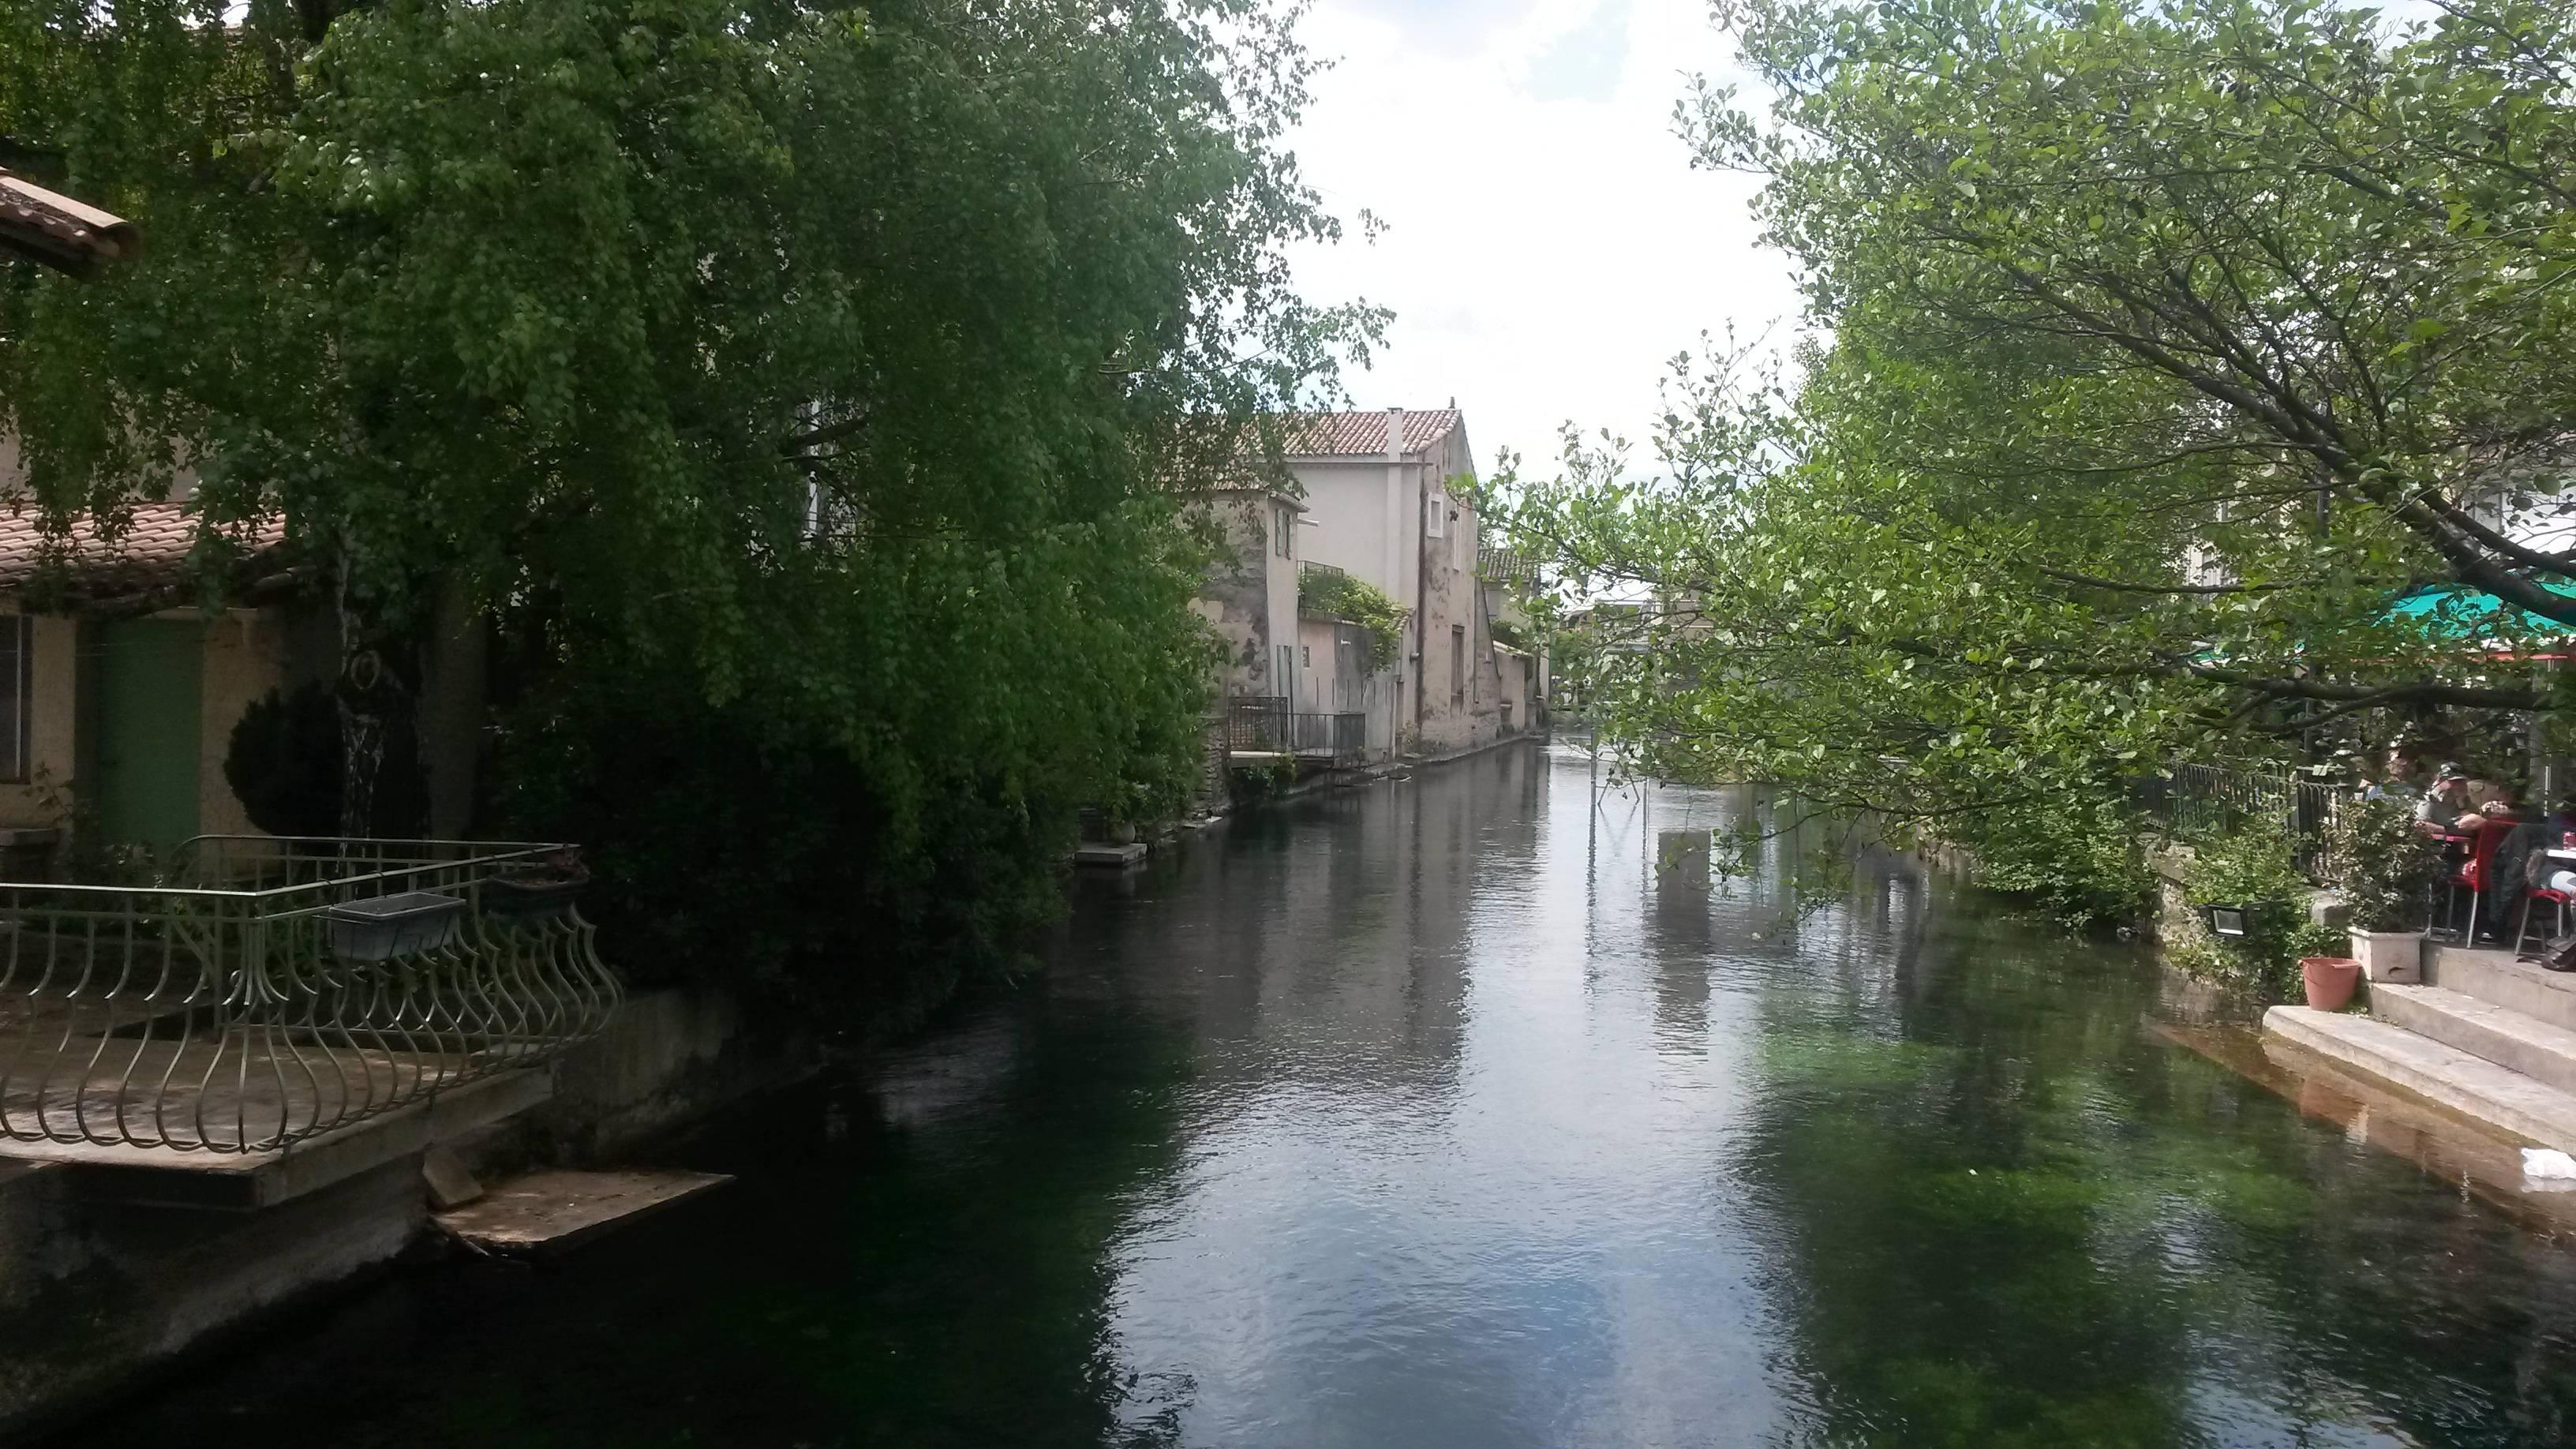 Photo 3: Déjeuner sur un pont à L'Isle-sur-sorgue
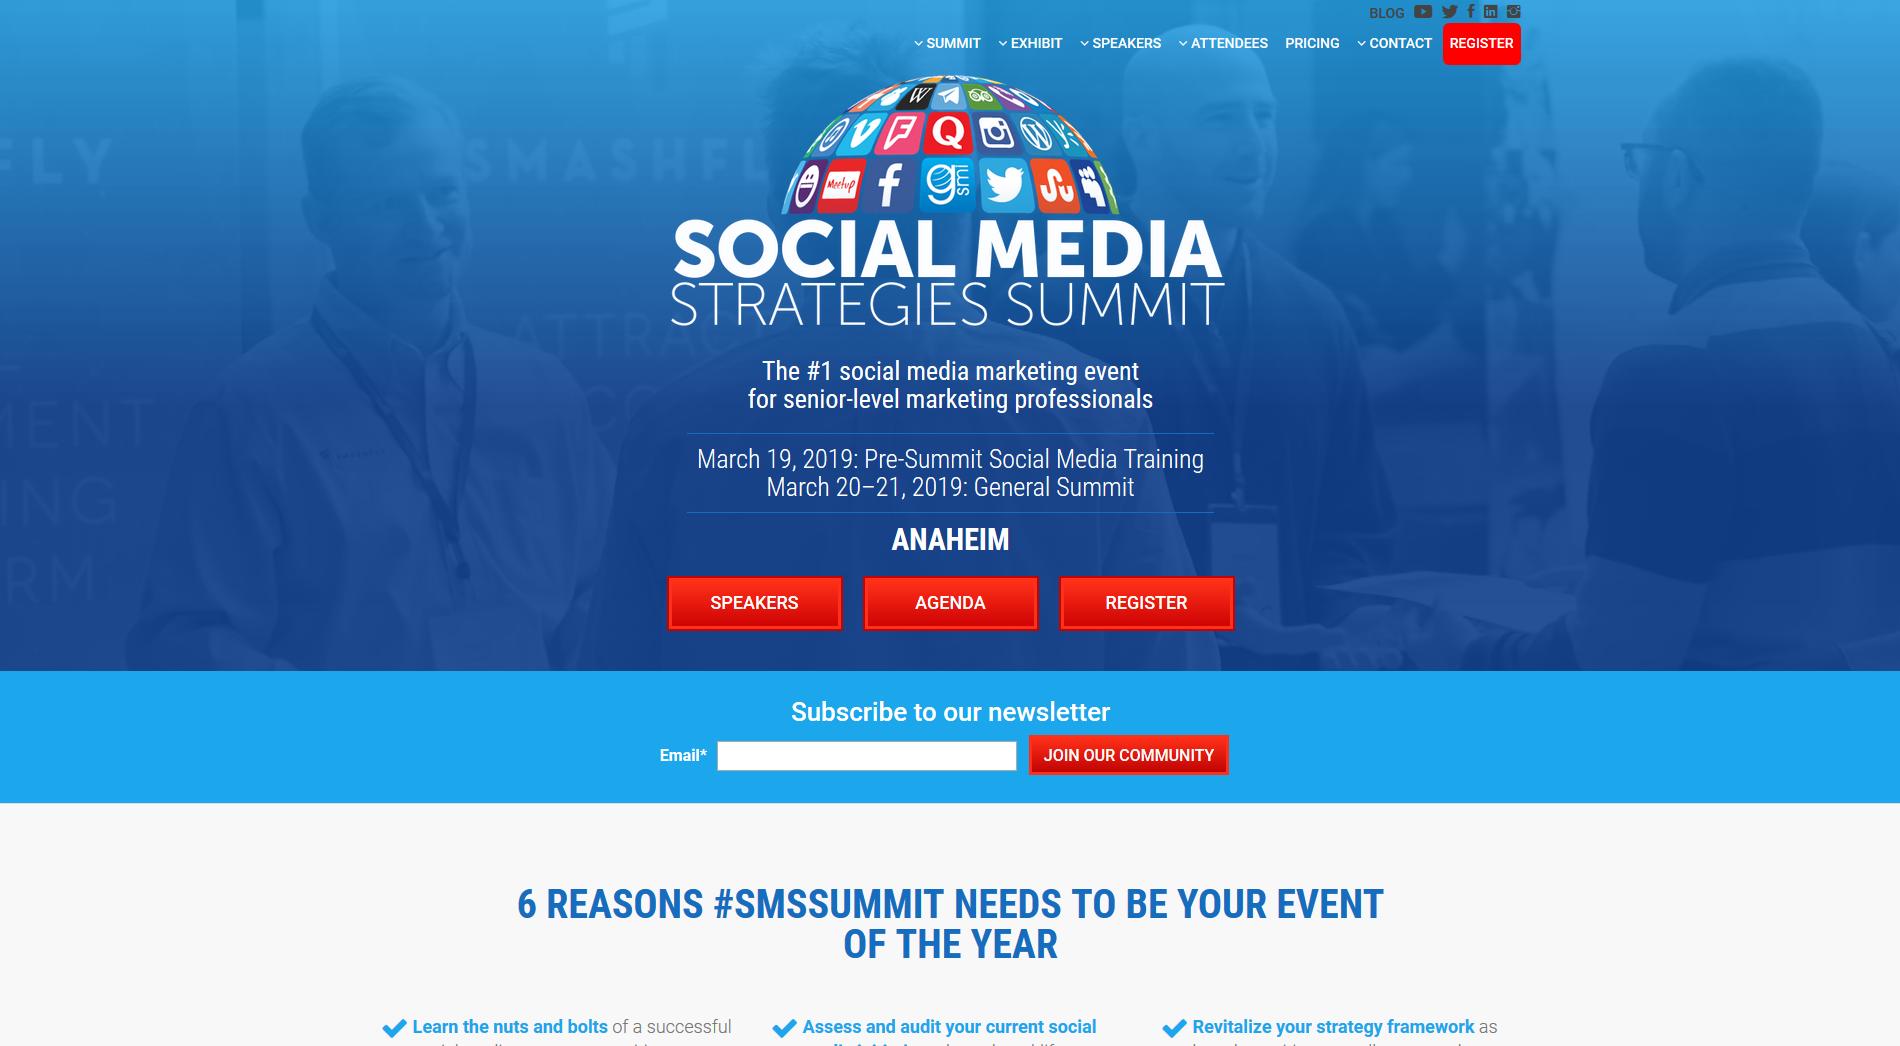 Social Media Strategies Summit will be in Anaheim
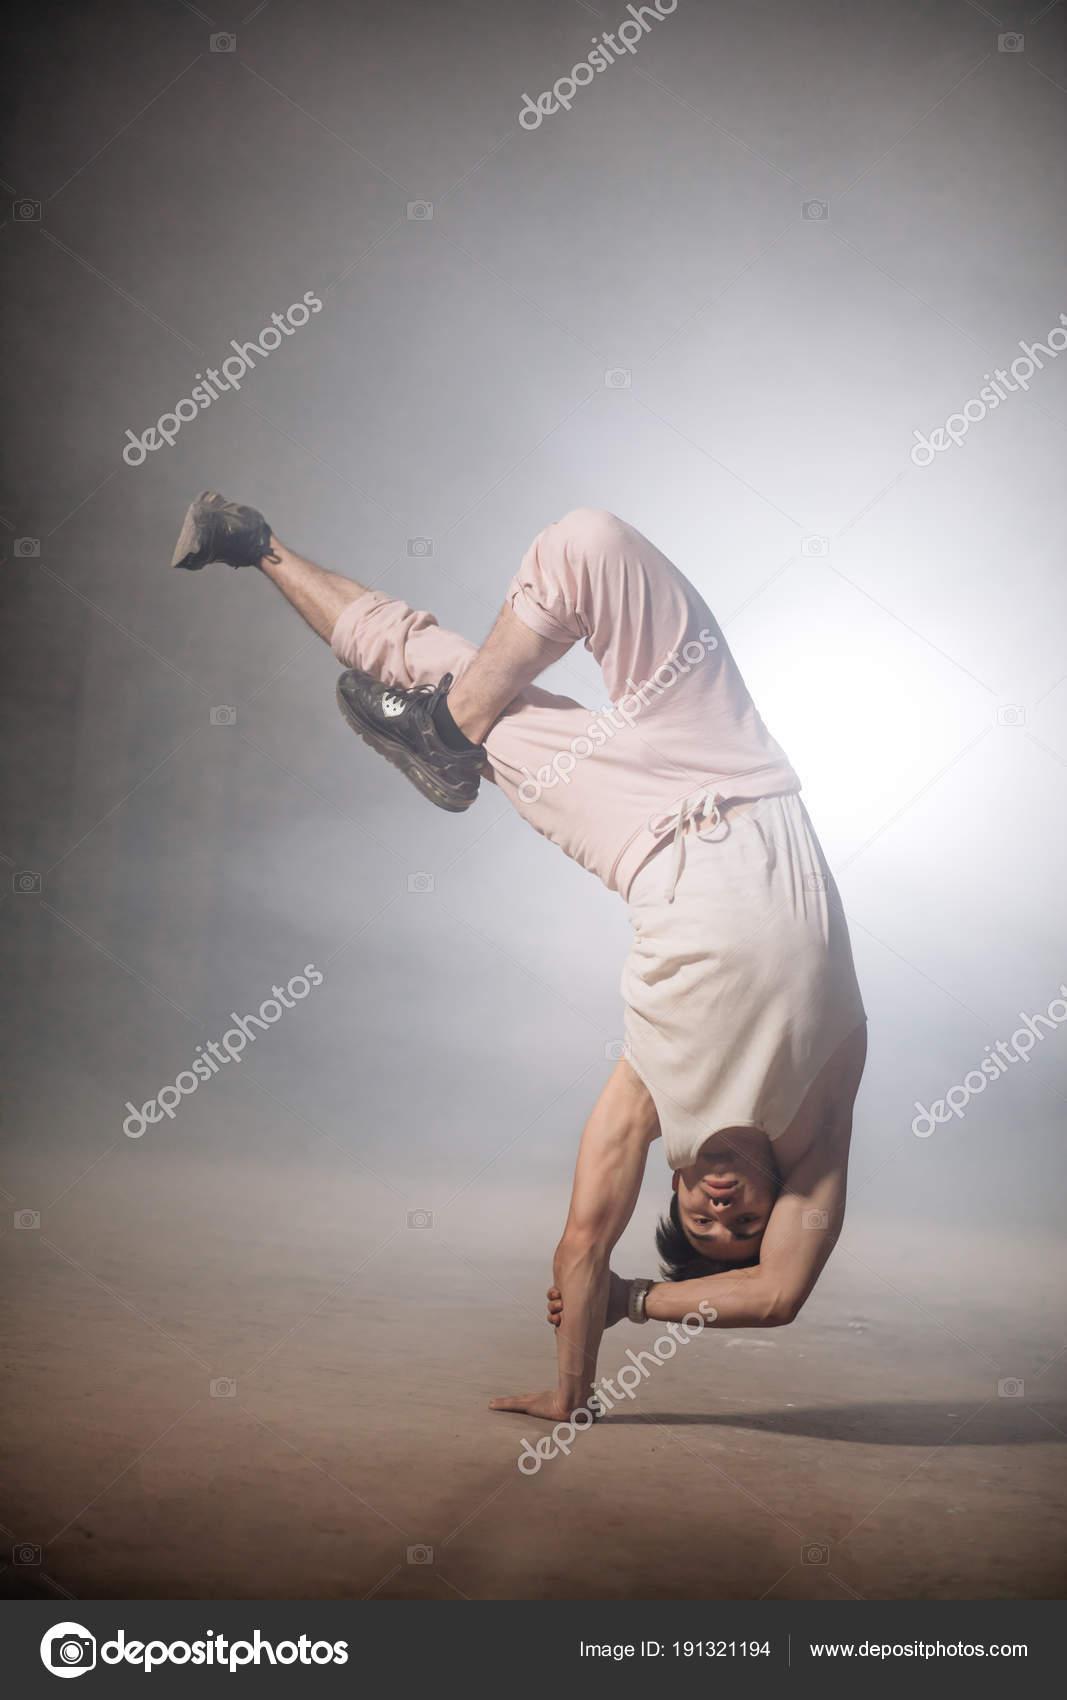 Mann mit starken Muskeln an Armen tun auf den Kopf nach unten stunt ...
☆ ☆ ☆
--- Problem requirements ---
I would like the data copied exactly as it stands, with no pictures included.

--- Solved problem ---
 Photo 3: Déjeuner sur un pont à L'Isle-sur-sorgue
 Social Media Strategies Summit will be in Anaheim
 Mann mit starken Muskeln an Armen tun auf den Kopf nach unten stunt ...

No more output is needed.